Dr. George Rofaiel, Lehigh Valley Transplant Institute’s chief of transplant surgery
“I’ve never had such quality of life,” Wendy Reiss said with a chuckle. “When Dr. Rofaiel first met me, he said the first thing he said is, ‘You’re gonna feel like a new person after the transplant.’
“I said, ‘What do you mean I feel fine?’ You’re gonna feel like a new person and I absolutely feel like a new person. I have so much energy I’m just so excited about life.”
Rofaiel said the main concern about many people giving or receiving an organ is about the safety of the donor.
“It is a very, very safe exercise for donors,” he said. “As a group, they live just as long as the average population.
“Our donors are back to work within days instead of weeks and so it’s not just safe, it’s safe and relatively efficient.”
Prior to getting sick, Wendy Reiss worked as a nurse doing scheduling for Lehigh Valley Health Network.
When the symptoms became unbearable, she had to leave the career she was passionate about. The transplant had changed that.
“In three months I went back to being an RN at the hospital where I’ve now worked in my 40th year,” she said.
“I went back to my role as an RN in the GI lab, but in January I was able to go back to the job that was the love of my life, the operating room, and I was there for 32 years and I’m doing both jobs now.”
‘Still waiting for the end result’
Wendy and Barry Reiss are an organ donation success story where the outcome was in their favor, but not everyone has the same result.
“The wait time for kidneys can be over five years, five to seven years based on some different factors,” Franzen said. “For other organs, it’s shorter, but frankly, any time of a wait is too long.”
“It’s like a roller coaster. You never know when they will call you. It can be any time and lots of anxiety, but I’m hopeful that the right one will be found for me.”
Danialle Brott, a mother from Gilbertsville, Monroe County, who needs a pancreas
Franzen said, “the demand is currently greater than the supply and so the best way we can address that and help the people that are waiting is to get more people to say, ‘Yes, it’s really pretty clear.”
One person awaiting a donor is Danialle Brott, a mother from Gilbertsville, Monroe County, who needs a pancreas.
“It’s like a roller coaster,” Brott said. “You never know when they will call you.

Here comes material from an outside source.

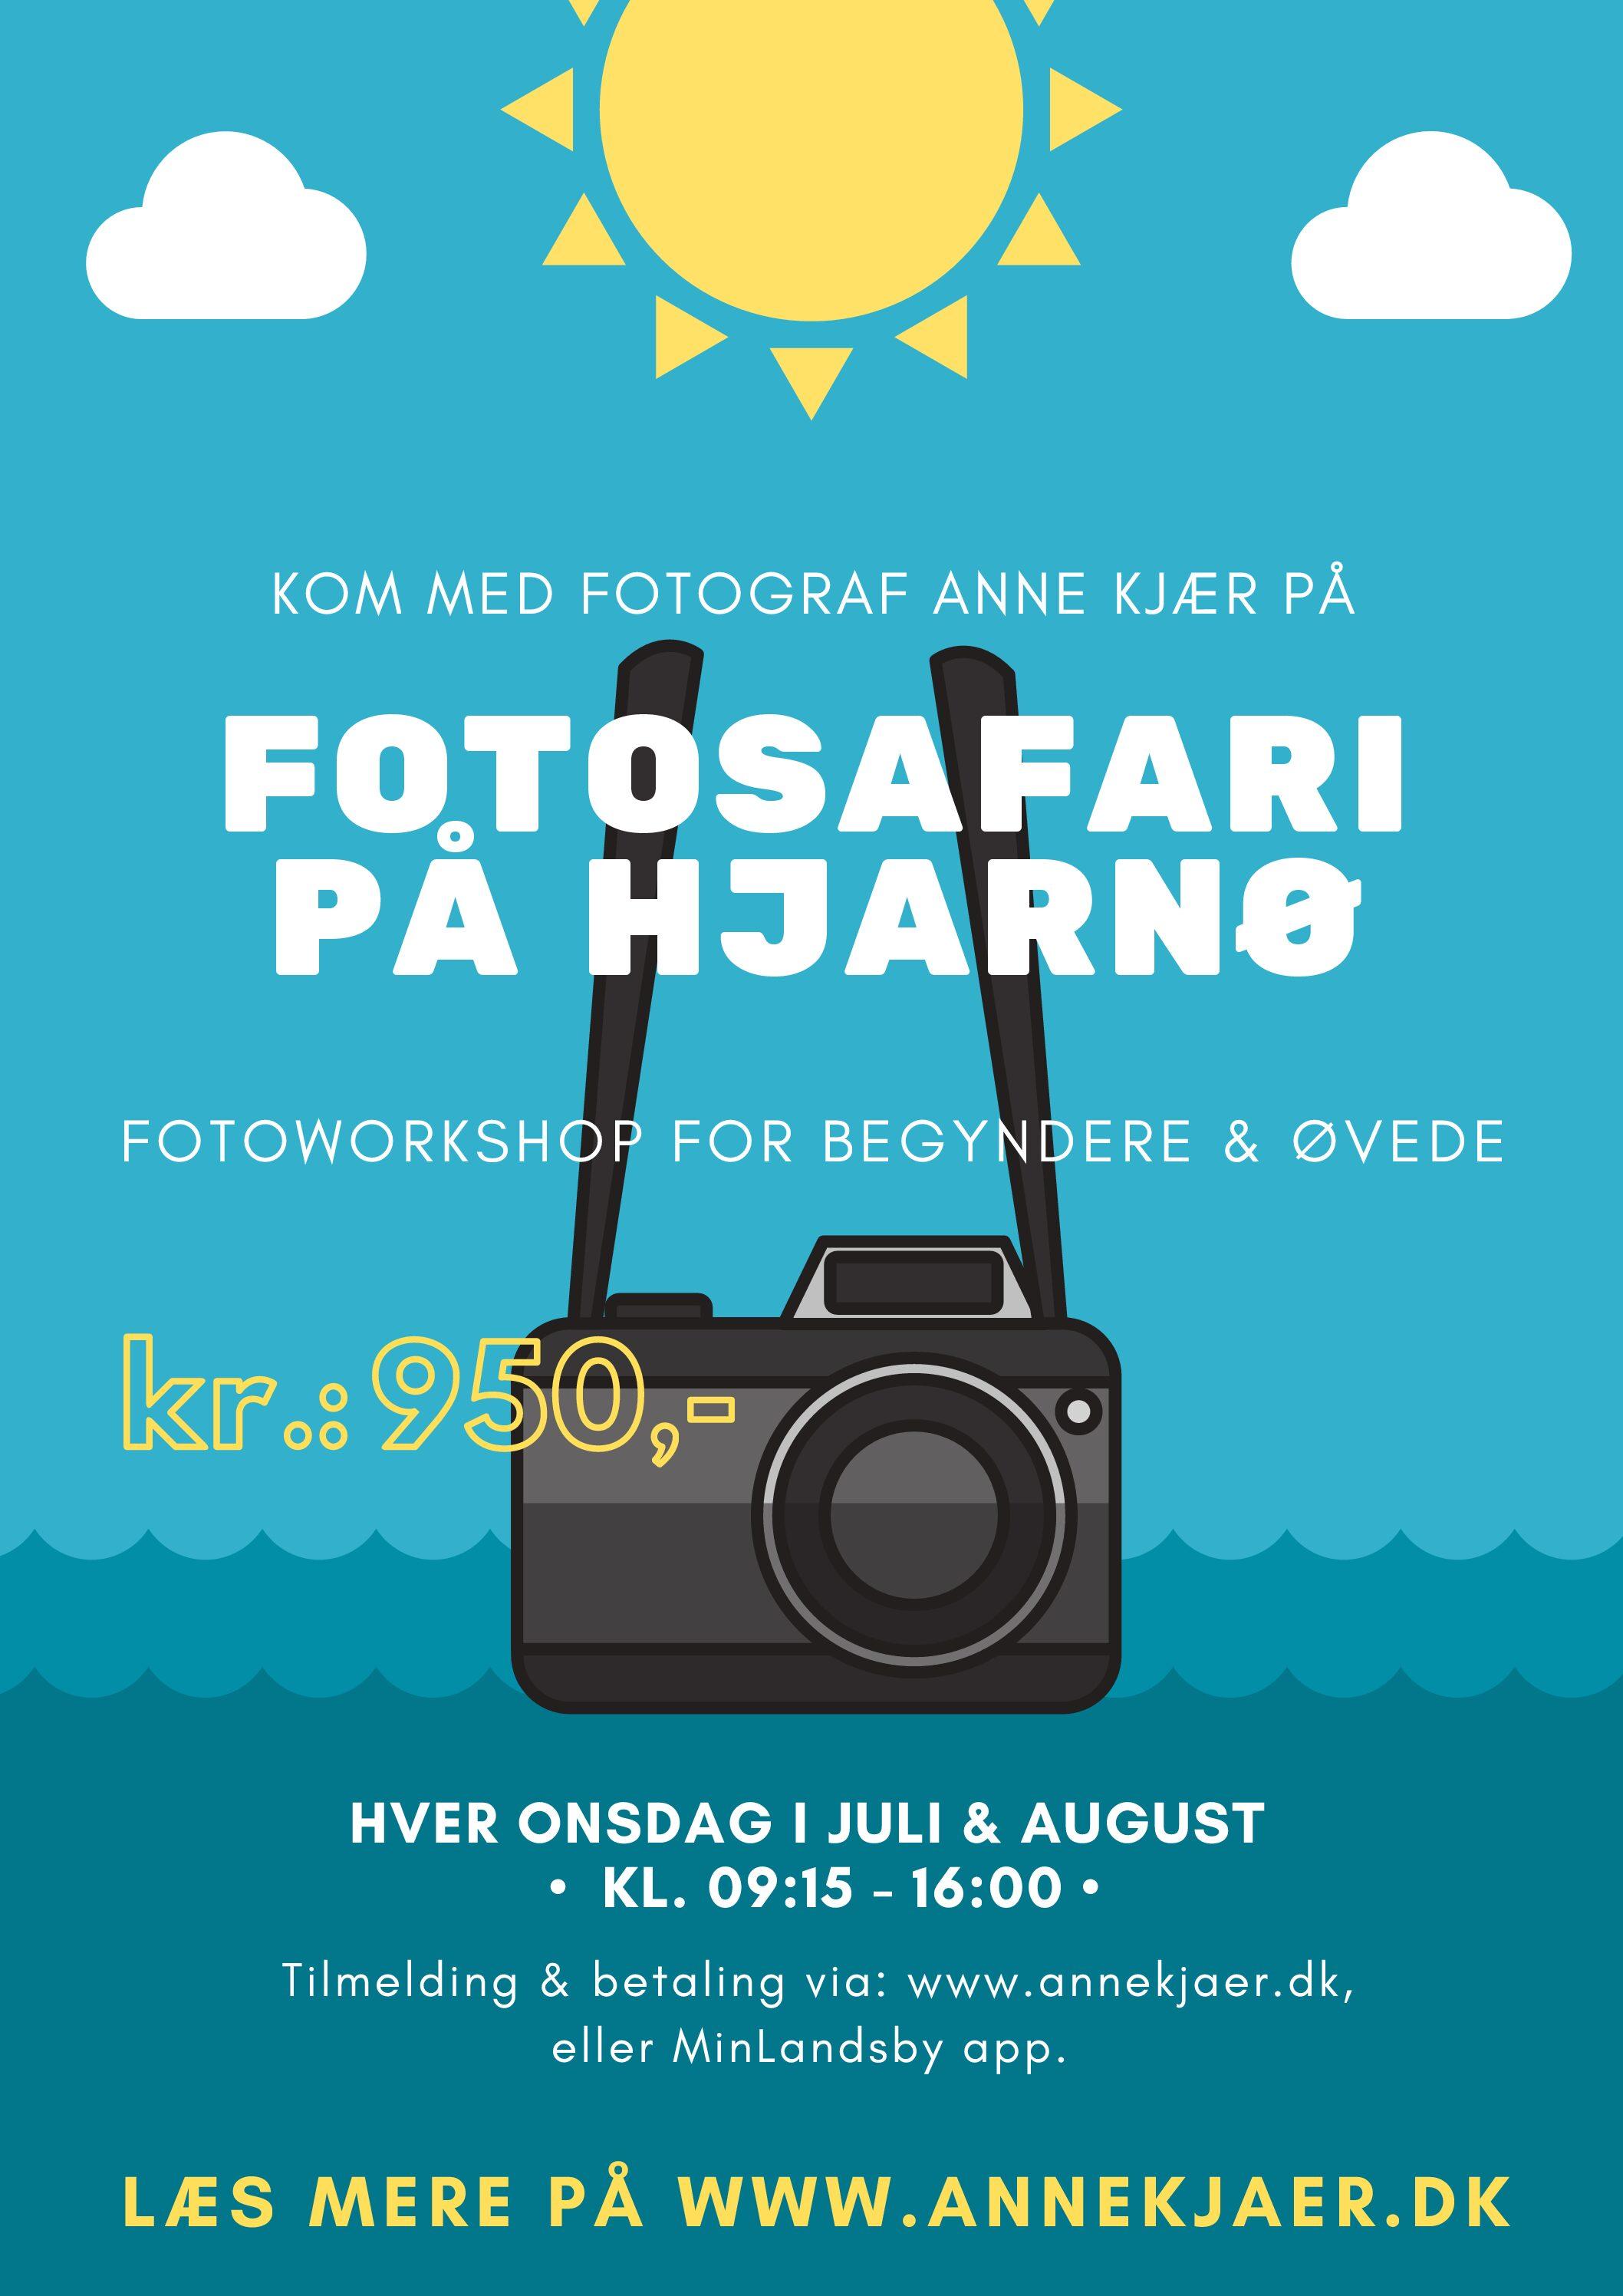 Kopi af Fotosafari på hjarnø-5

It can be any time and lots of anxiety, but I’m hopeful that the right one will be found for me.”
Brott has been a Type 1 diabetic since she was 9. She developed pre-eclampsia during her second pregnancy and needed a new kidney.
She recalled how her young daughters reacted.
“When I was on the kidney list, every day they would pray that I would get a kidney, at dinner time,” she said.
Their prayers were answered when Brott attended physical therapy. Her physical therapist offered her kidney to Brott and was a match.
“I was just shocked that someone that I don’t know, I didn’t know her before that, would want to donate to a stranger,” she said.
However, her transplant journey is not over. Now, her illness requires her pancreas to be replaced and so she remains, once again, on the transplant waiting list.
“I have gotten three phone calls that unfortunately the organs haven’t been viable for the pancreas,” she said. “So I’m still waiting.
“I am still continuing my journey, but still waiting for the end result.”